A pandemia da doença coronavírus (COVID-19) resultou num aumento da população que apresenta uma ampla gama de sintomas duradouros após a recuperação da infecção aguda. COVID longa refere-se a esta condição específica e está associada a diversos sintomas, como fadiga, mialgias, dispneia, dor de cabeça, comprometimento cognitivo, sintomas neurodegenerativos, ansiedade, depressão e sensação de desespero.
O potencial da oxigenoterapia hiperbárica (OHB) para melhorar a fadiga crônica, deficiências cognitivas e distúrbios neurológicos foi estabelecido; portanto, o uso de OHB para tratar COVID longa também foi estudado. Realizamos uma pesquisa bibliográfica entre 1º de janeiro de 2019 e 30 de outubro de 2023, com foco na eficácia clínica e utilidade da OHB no tratamento de COVID longa e encontramos dez estudos clínicos que se enquadram no tópico da revisão, incluindo um relato de caso, cinco pré-teste-pós-teste de um grupo. estudos de design, um relatório de segurança de um ensaio clínico randomizado (ECR) e três relatórios completos de ECRs.
A maioria dos estudos descobriu que a OHB pode melhorar a qualidade de vida, fadiga, cognição, sintomas neuropsiquiátricos e função cardiopulmonar. Embora a OHB tenha demonstrado alguns benefícios para sintomas longos de COVID, são necessários ensaios clínicos randomizados mais rigorosos em grande escala para estabelecer indicações, protocolos e avaliações pós-tratamento precisos.

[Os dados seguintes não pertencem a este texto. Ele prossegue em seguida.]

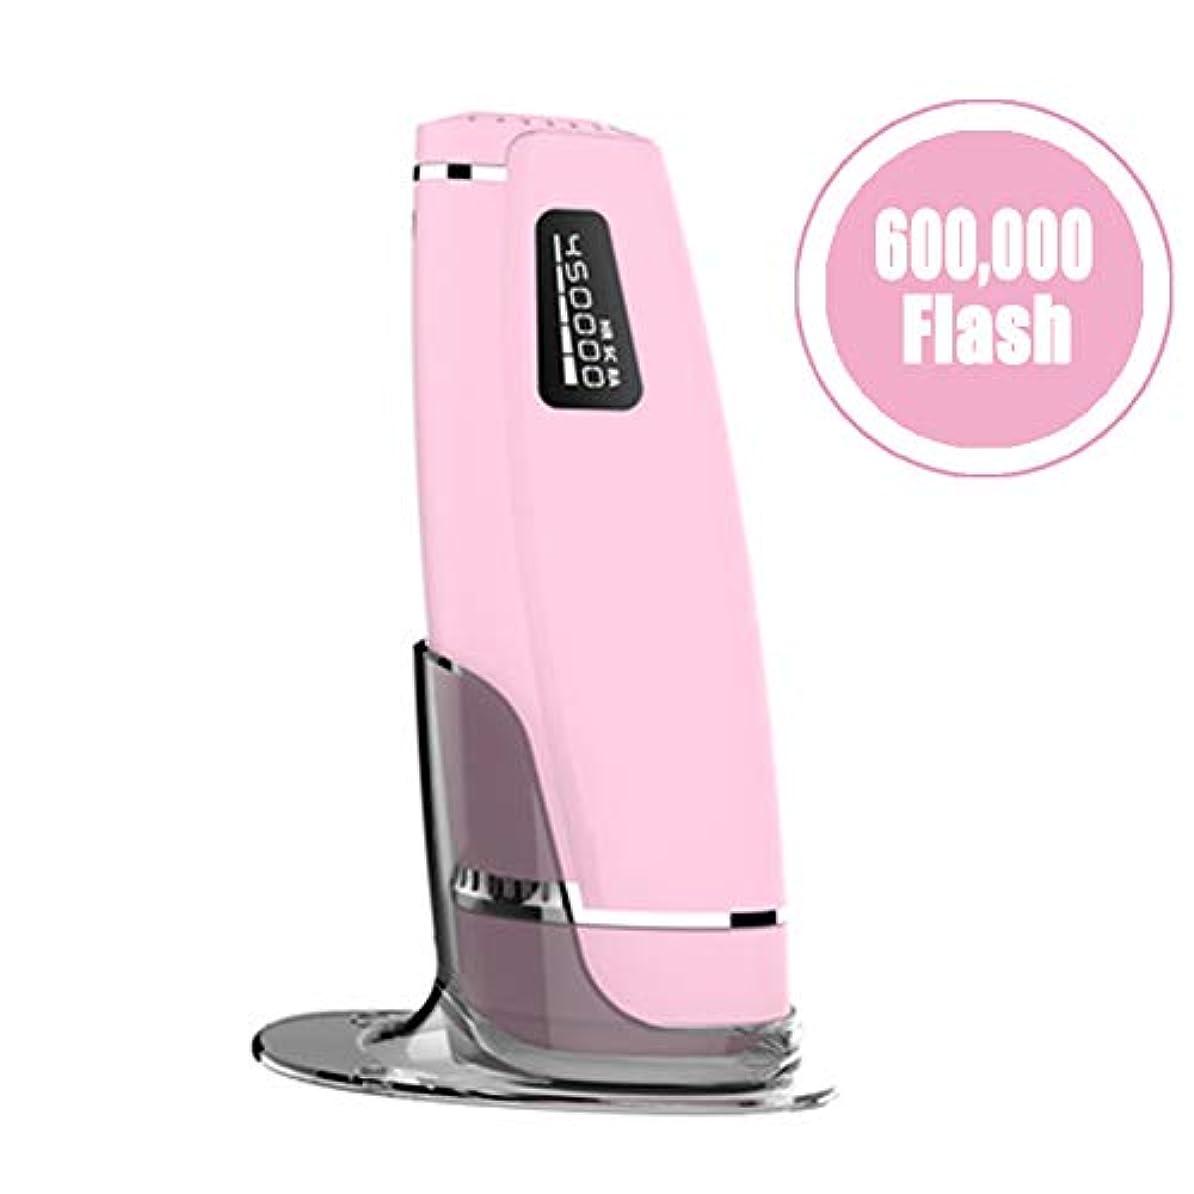 比率株式森林アップグレードIPLレーザー脱毛システムデバイス、60万回のフラッシュ無痛常設パルス光脱毛器にとってボディフェイス脇の下ビキニライン,Pink

O que é a doença do coronavírus longo (COVID)?
A pandemia da doença coronavírus (COVID-19) resultou em uma população crescente apresentando vários sintomas duradouros após a recuperação de uma infecção aguda. Vários termos médicos, incluindo “COVID longo”, “condições pós-COVID” e “síndrome pós-COVID”, referem-se à condição específica.
Estima-se que o COVID longo ocorra em 20–50% das pessoas com COVID-19. E está associado a diversos sintomas, incluindo fadiga, mialgia, dispneia, dor de cabeça, comprometimento cognitivo, sintomas neurodegenerativos, ansiedade, depressão e sensação de desespero. O sintoma mais comum é a fadiga, apresentando-se em até 60% dos pacientes com COVID longo. “Névoa cerebral” é um conjunto de sintomas, incluindo comprometimento cognitivo, incapacidade de concentração e multitarefa e perda de memória de curto e longo prazo, que atraíram a atenção do público. A patogênese da COVID longa é amplamente desconhecida. No entanto, foram sugeridas persistência viral, hipercoagulopatia, desregulação imunológica, autoimunidade, hiperinflamação ou uma combinação destas. Atualmente, nenhum tratamento padrão foi estabelecido para a COVID longa e há uma necessidade crescente para a identificação de tratamentos mais eficazes para esta doença.
OHB como tratamento potencial para COVID longo
O tratamento prolongado com COVID carece de um alto nível de evidência. A OHB é um procedimento médico que administra oxigênio 100% em uma câmara pressurizada. À medida que a pressão ambiental aumenta, mais oxigénio é dissolvido no plasma sanguíneo, aumentando o fornecimento de oxigénio aos tecidos. As indicações atuais da OHB podem ser amplamente classificadas em três categorias: aceleração da cicatrização de feridas e aumento da angiogênese, aumento dos efeitos antimicrobianos e algumas emergências médicas, como embolia gasosa arterial e doença descompressiva.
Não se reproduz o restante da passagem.